Stored items from a collection:
*-*-*

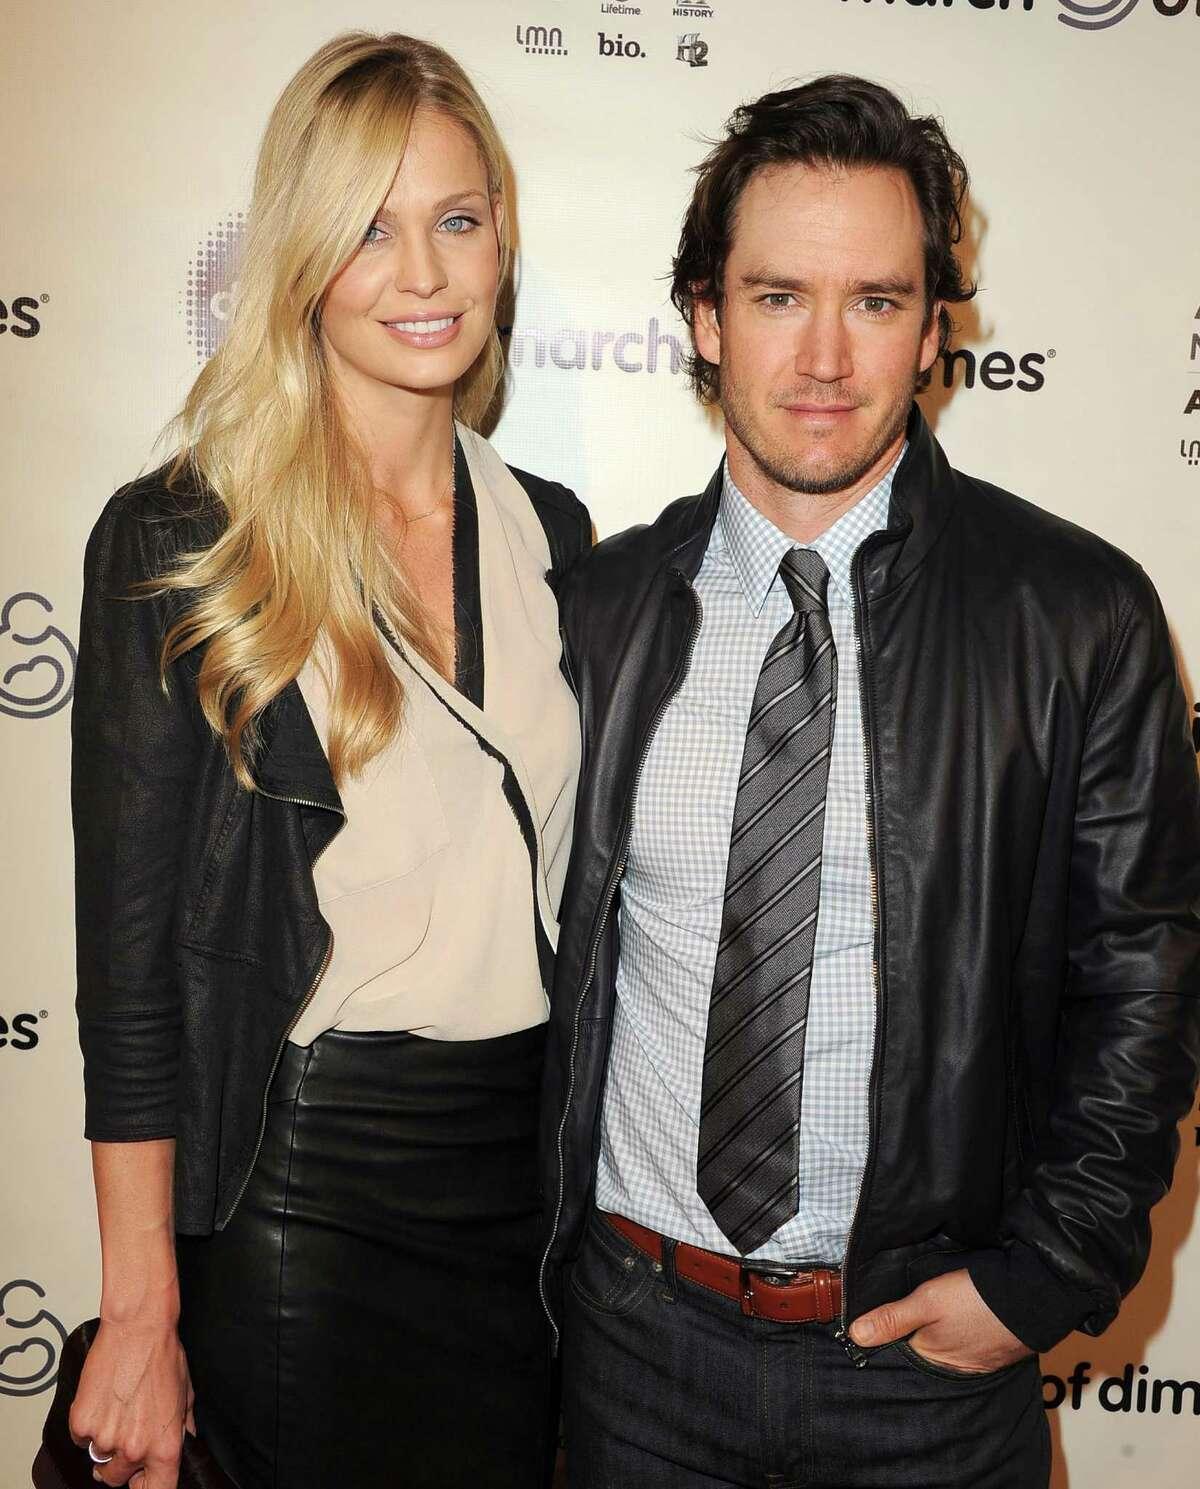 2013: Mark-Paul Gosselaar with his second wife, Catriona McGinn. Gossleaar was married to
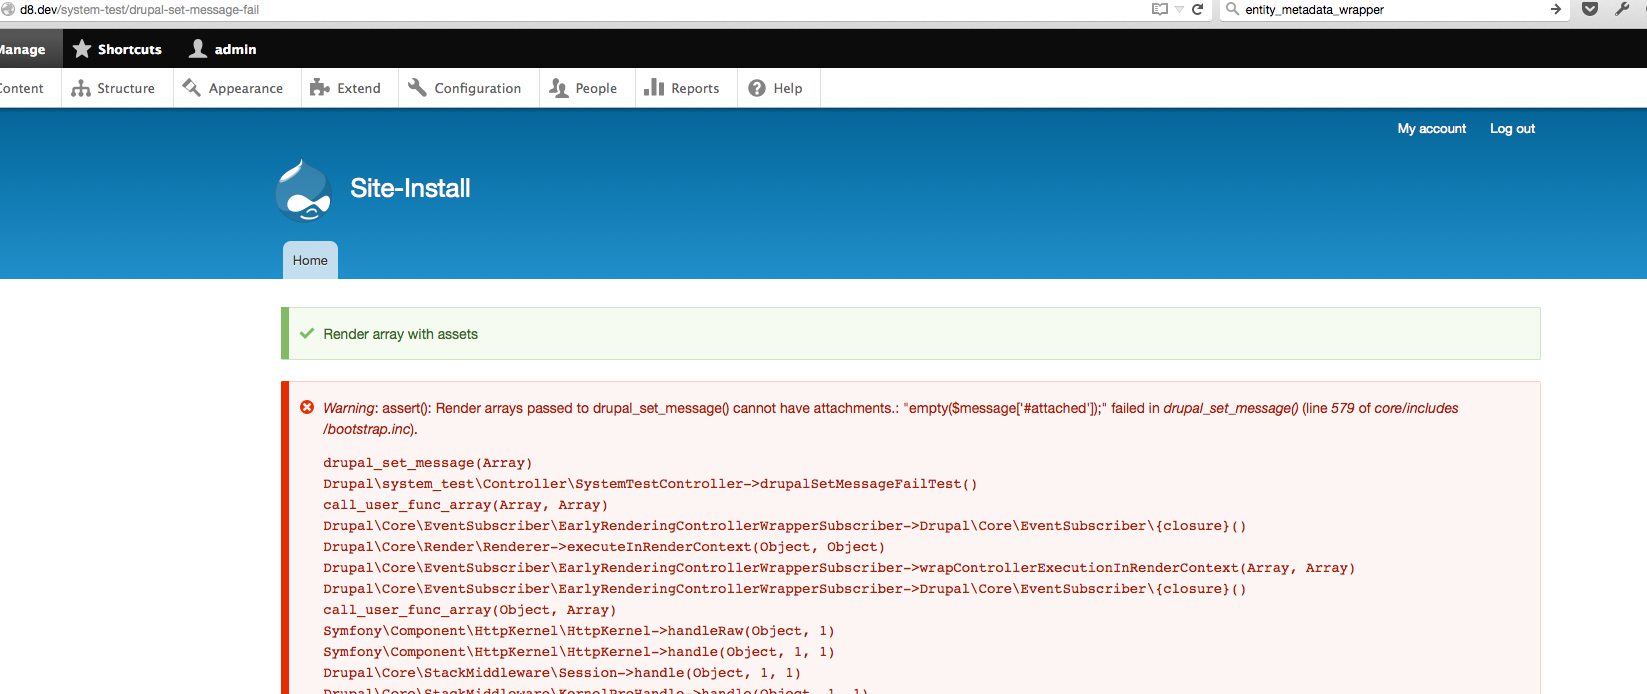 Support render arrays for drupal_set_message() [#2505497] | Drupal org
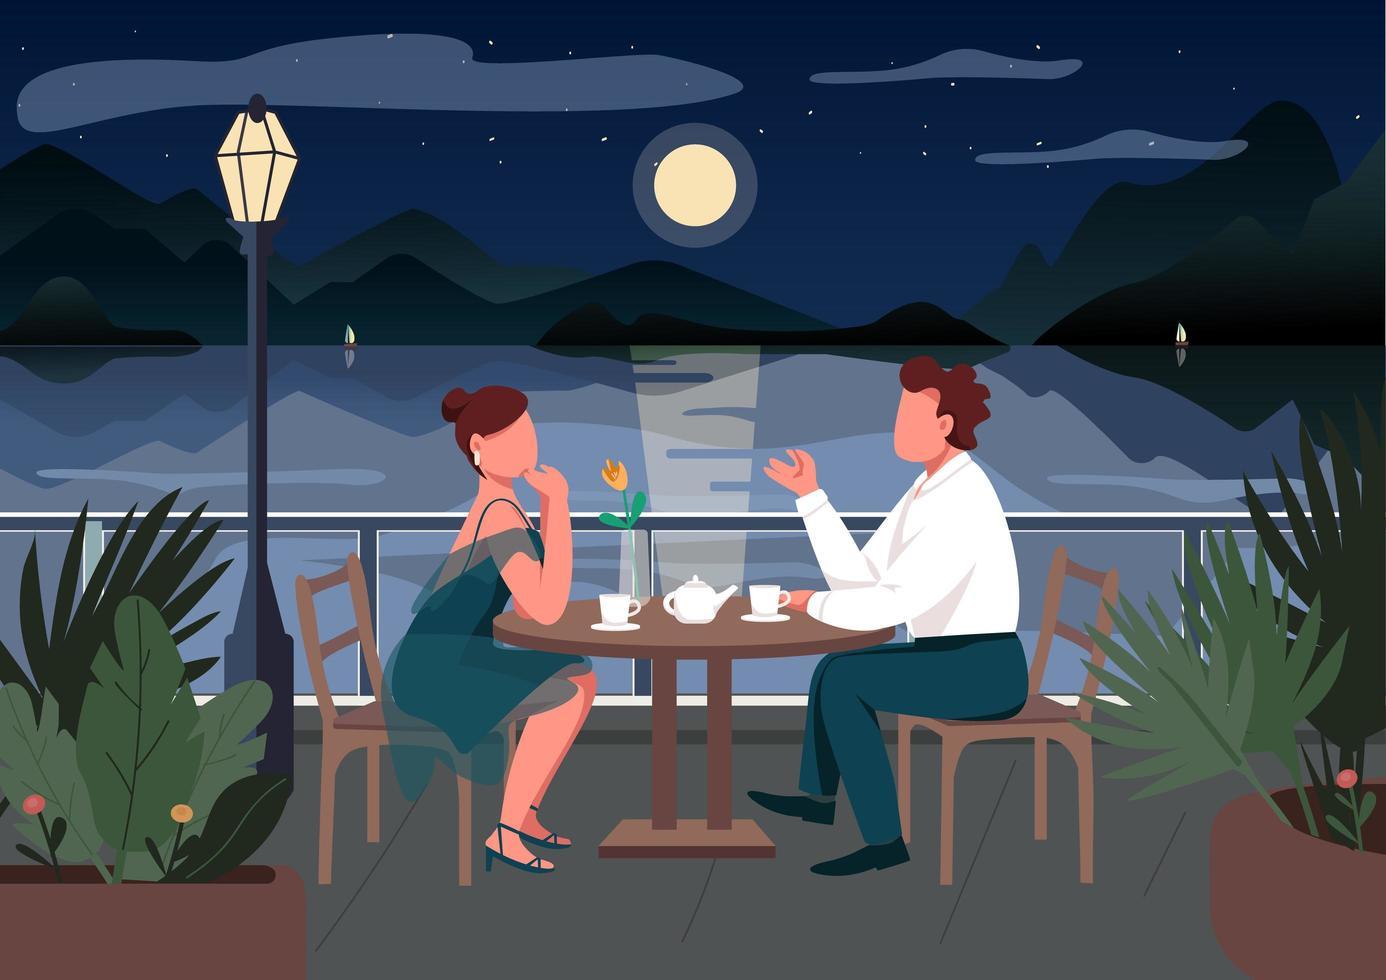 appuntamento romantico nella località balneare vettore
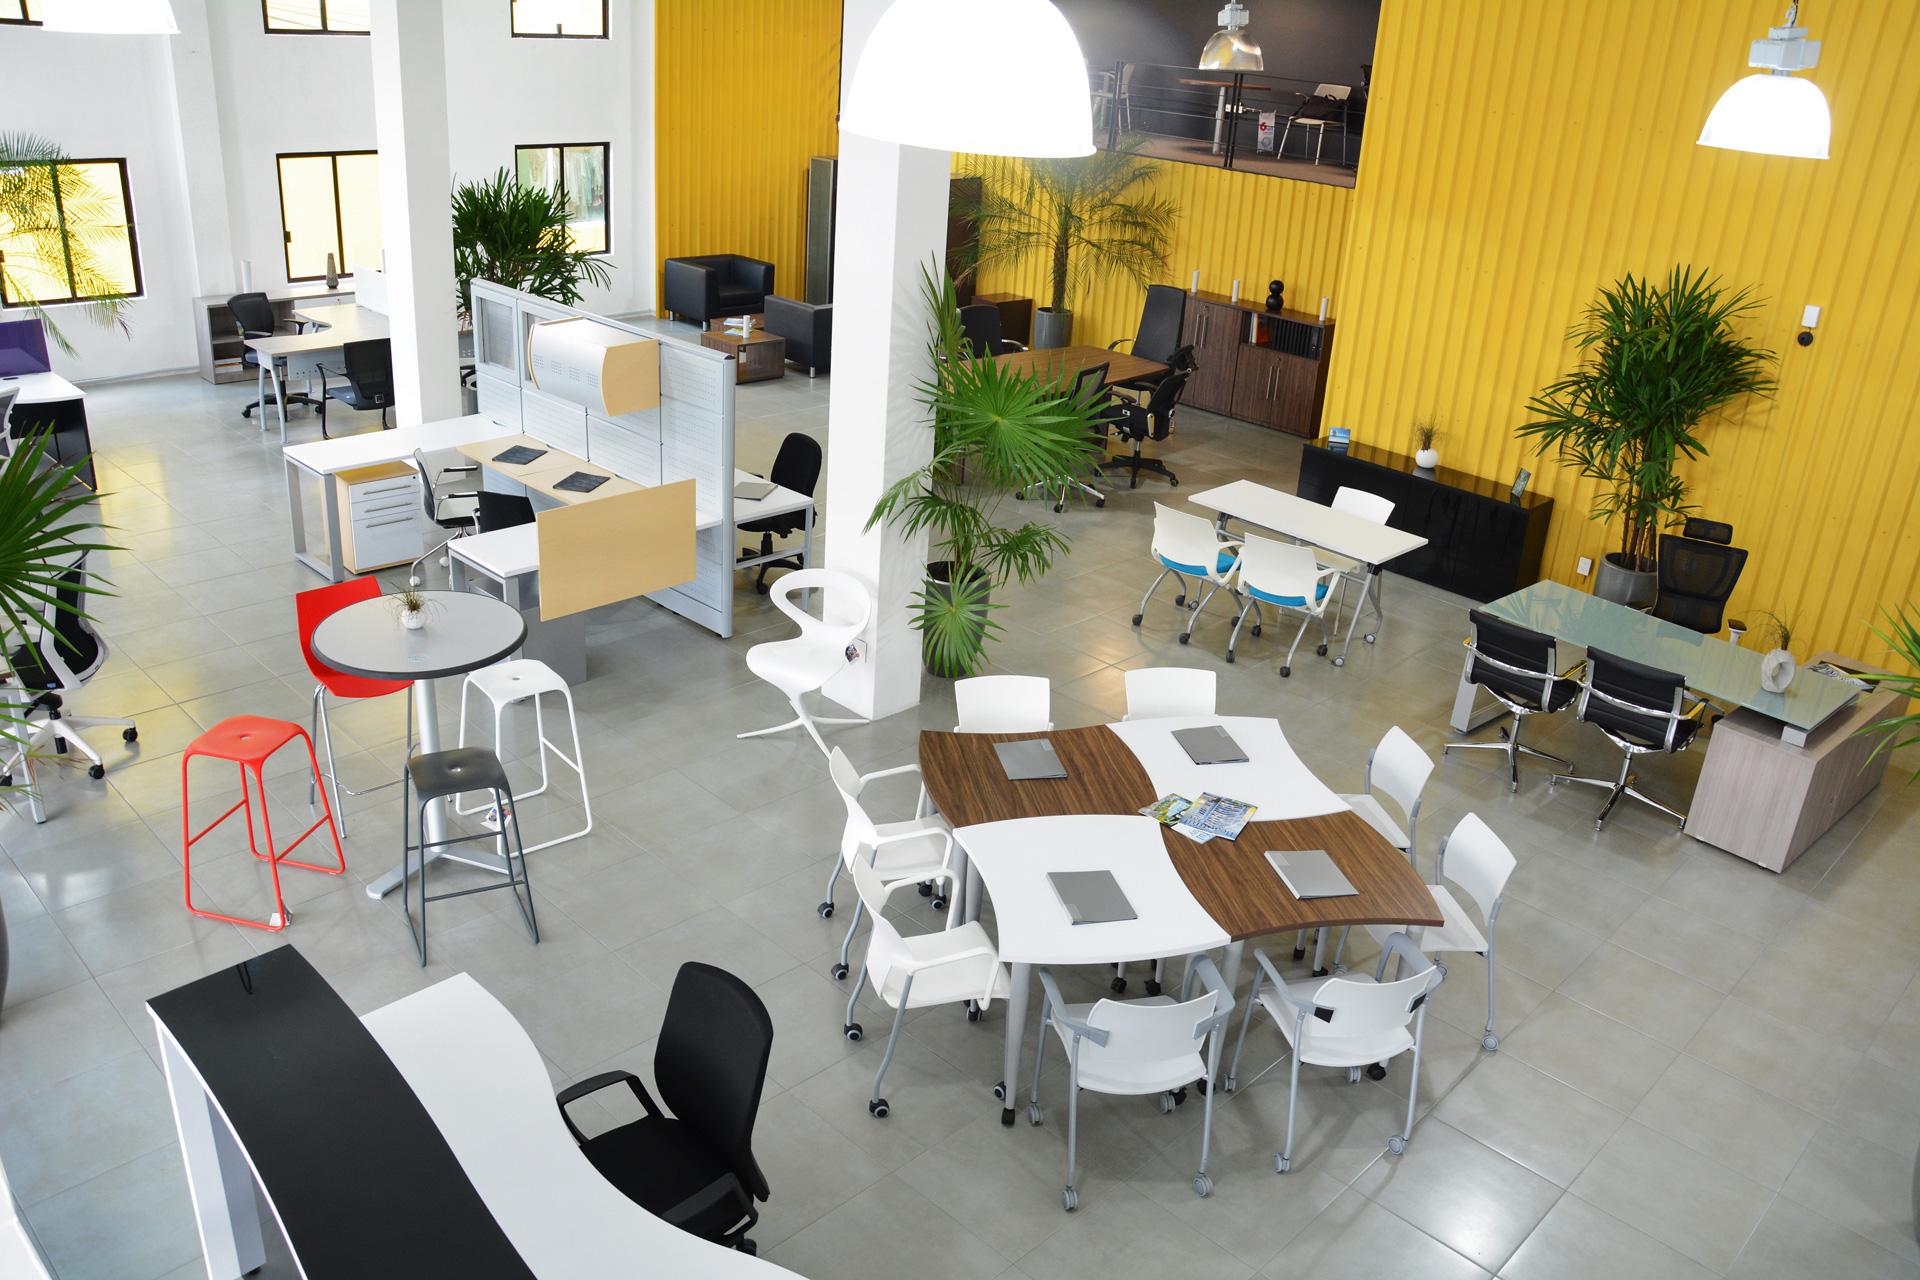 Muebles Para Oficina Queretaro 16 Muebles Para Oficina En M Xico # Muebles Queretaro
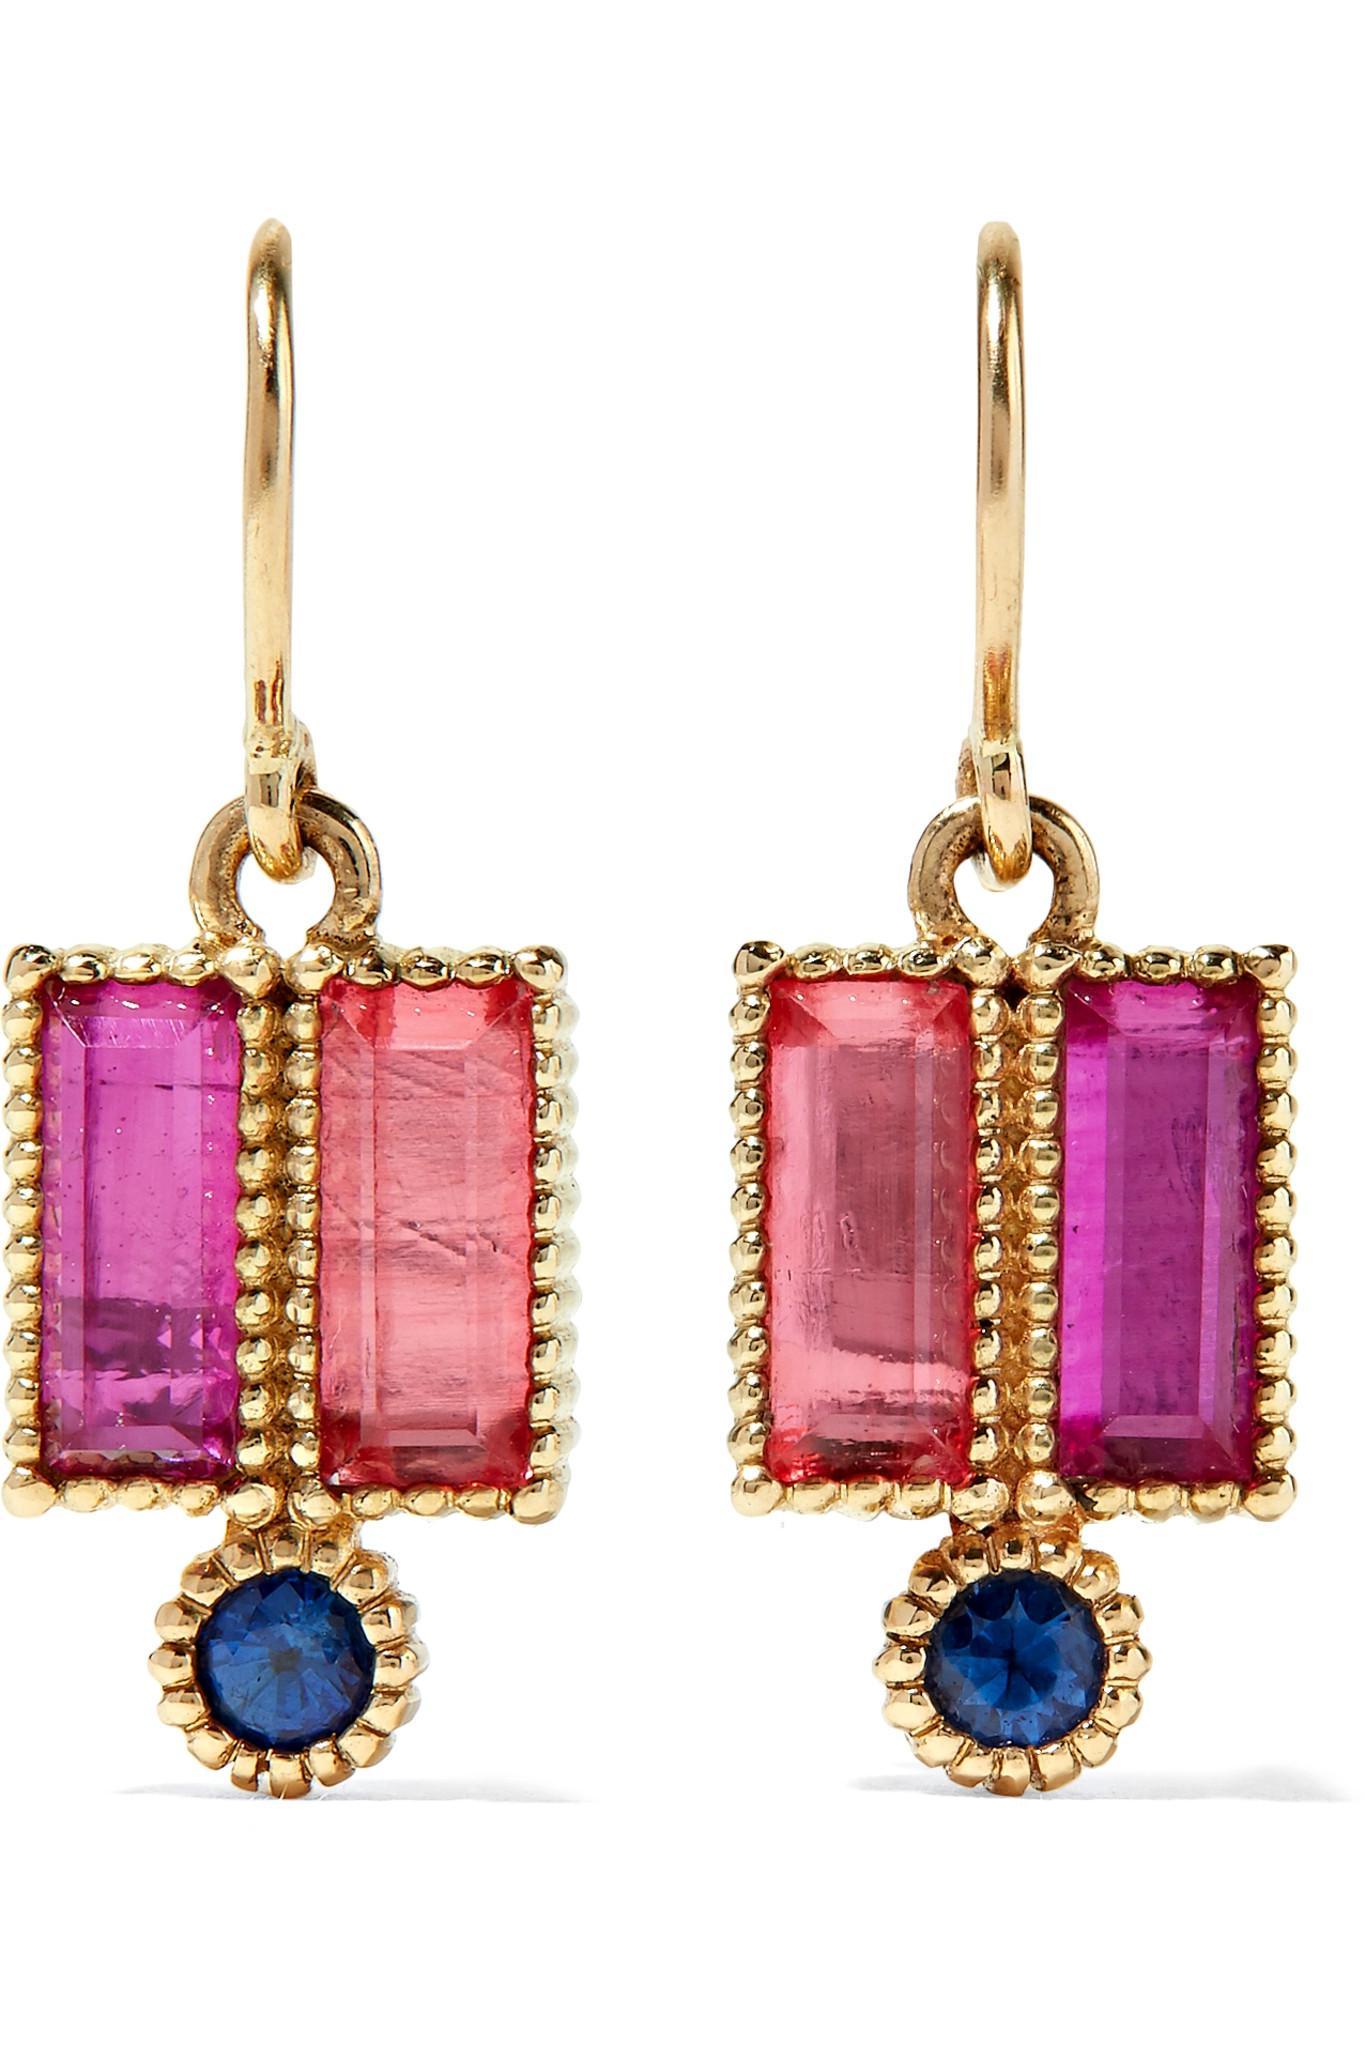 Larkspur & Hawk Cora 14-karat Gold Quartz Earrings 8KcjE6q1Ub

*-*-*

**EXERCISE OBJECTIVE:** Could you write all the entries out again exactly, but without their pictures?

**SOLVED EXERCISE:**
 2013: Mark-Paul Gosselaar with his second wife, Catriona McGinn. Gossleaar was married to
 Support render arrays for drupal_set_message() [#2505497] | Drupal org
 appuntamento romantico nella località balneare vettore
 Muebles Para Oficina Queretaro 16 Muebles Para Oficina En M Xico # Muebles Queretaro
 Larkspur & Hawk Cora 14-karat Gold Quartz Earrings 8KcjE6q1Ub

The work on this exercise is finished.